▸ Provided data
____________________
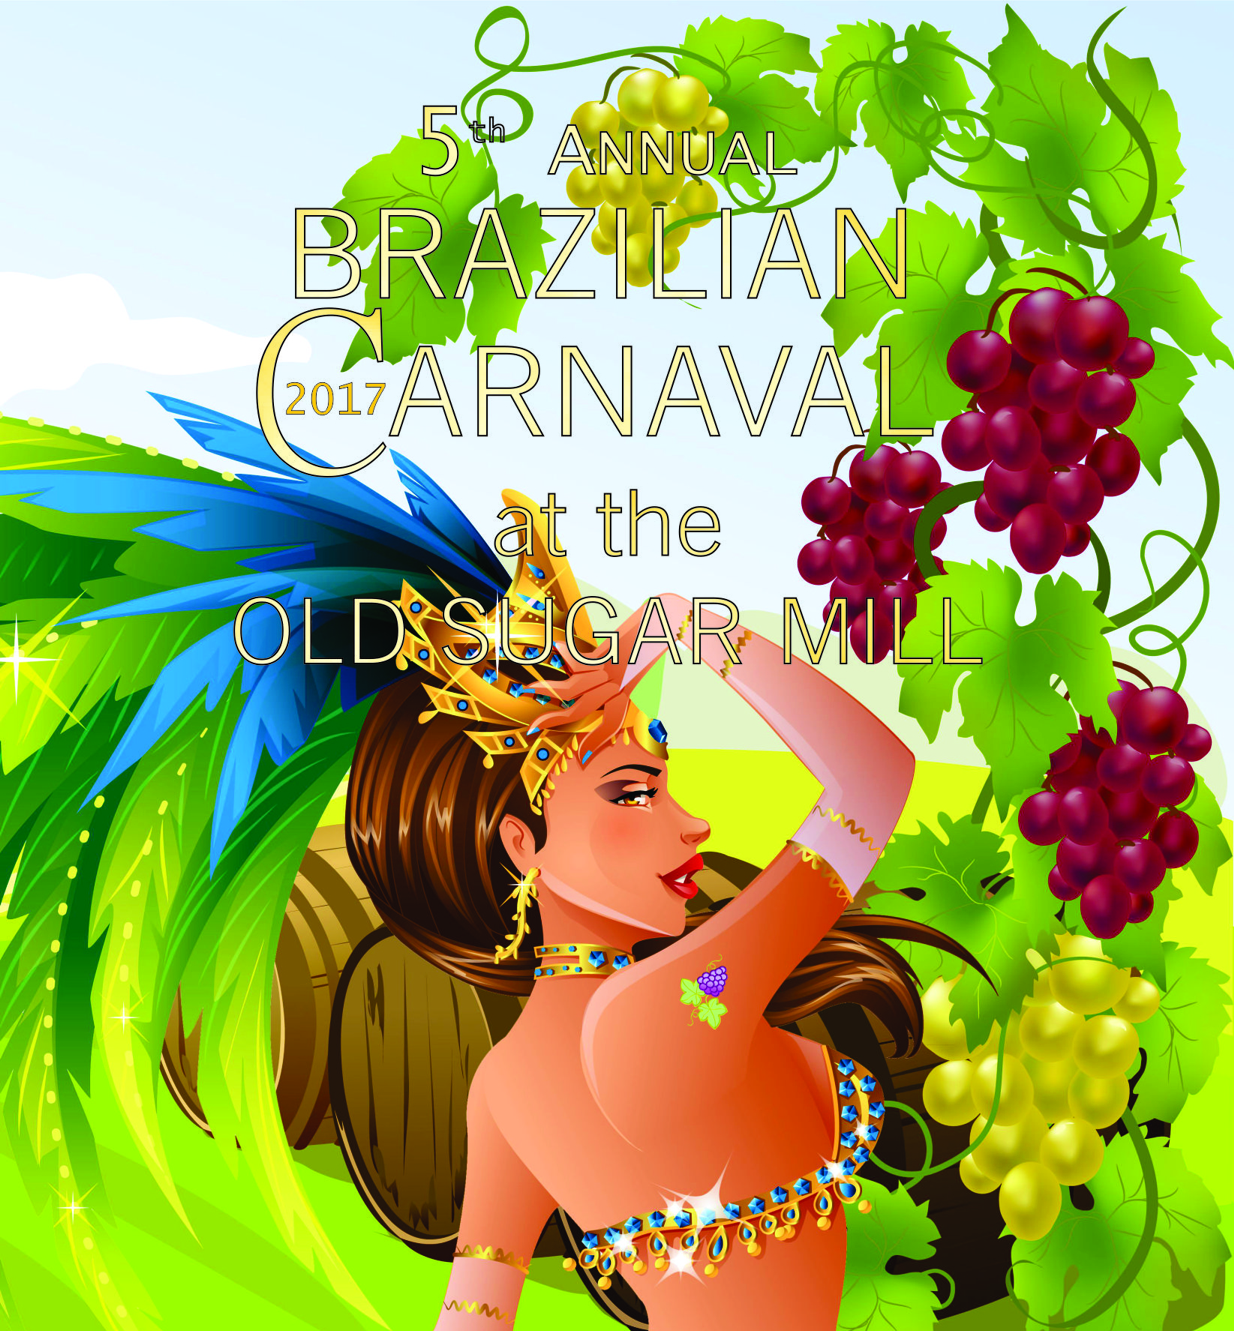 5th Annual Brazilian Carnaval
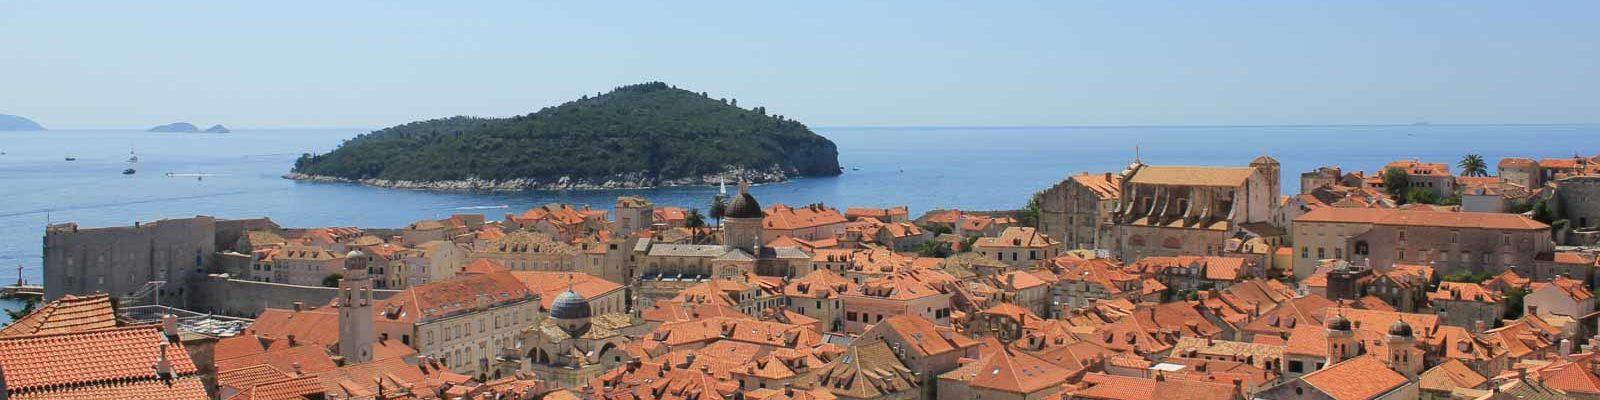 Dubrovnik Lokrum Island strip
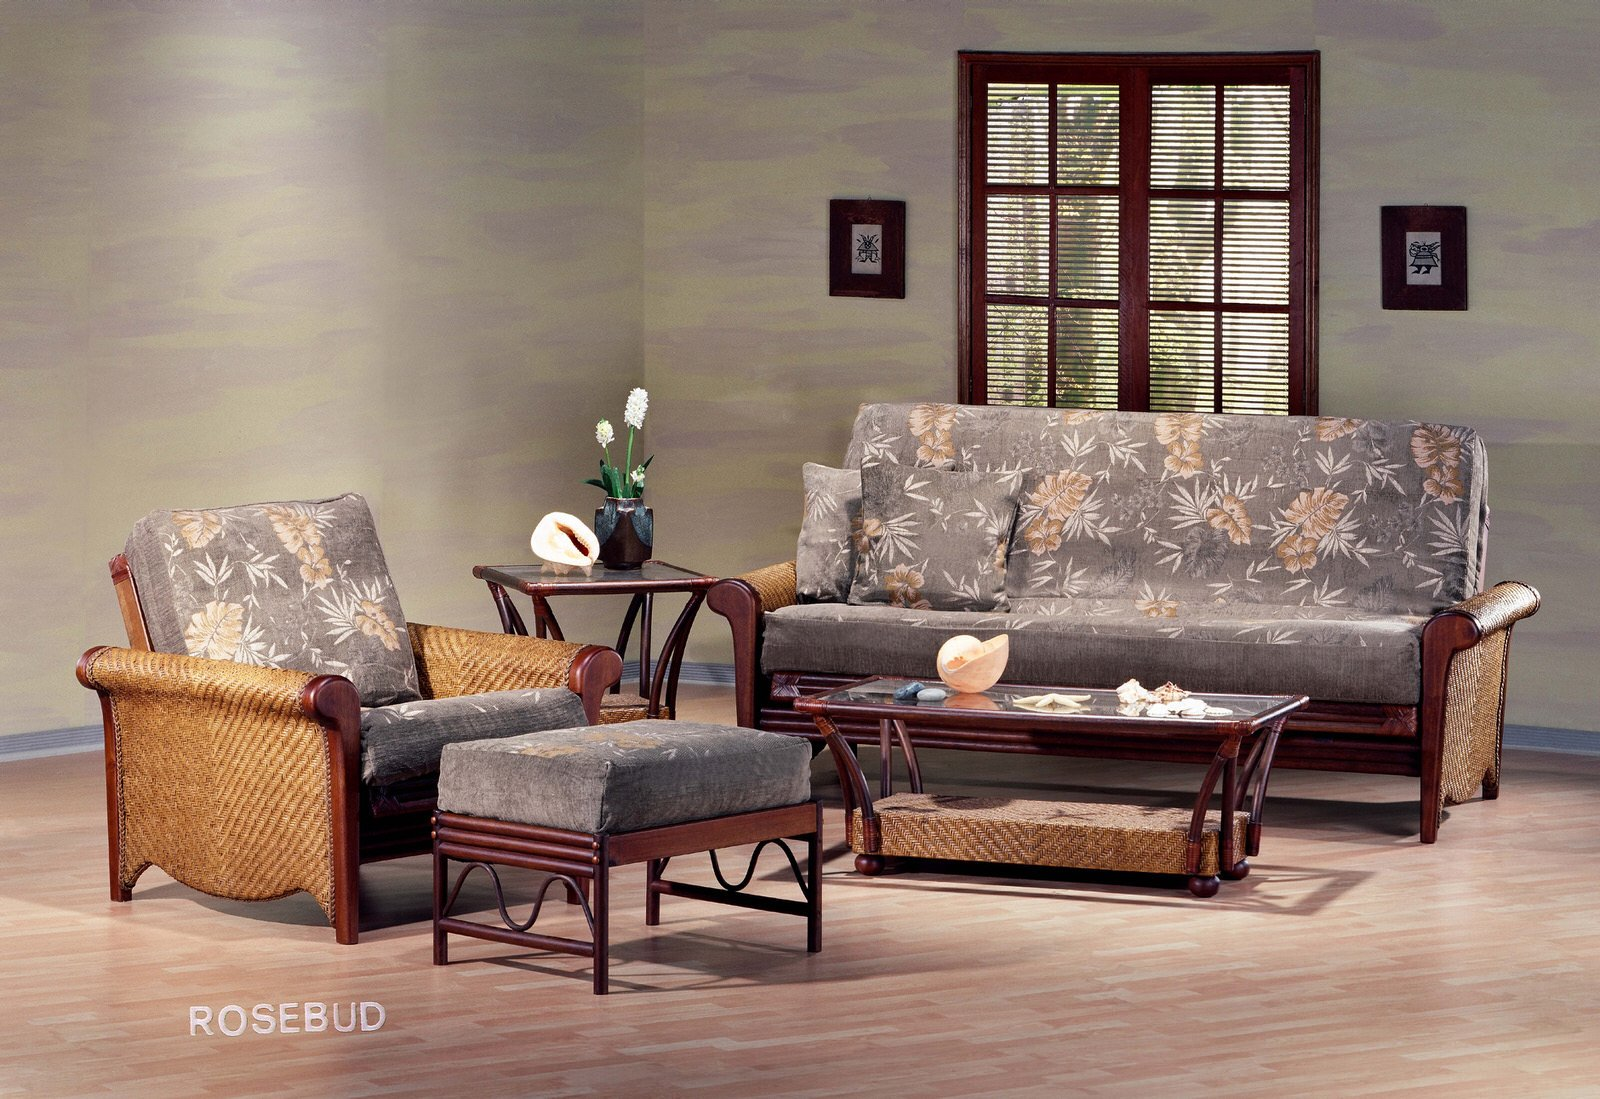 Rosebud Rattan Futon Frame By Night Day Furniture
____________________
▸ Instructions to follow
An unaltered copy of the material, without images, should be set down.

▸ Written answer
 5th Annual Brazilian Carnaval
 Dubrovnik Lokrum Island strip
 Rosebud Rattan Futon Frame By Night Day Furniture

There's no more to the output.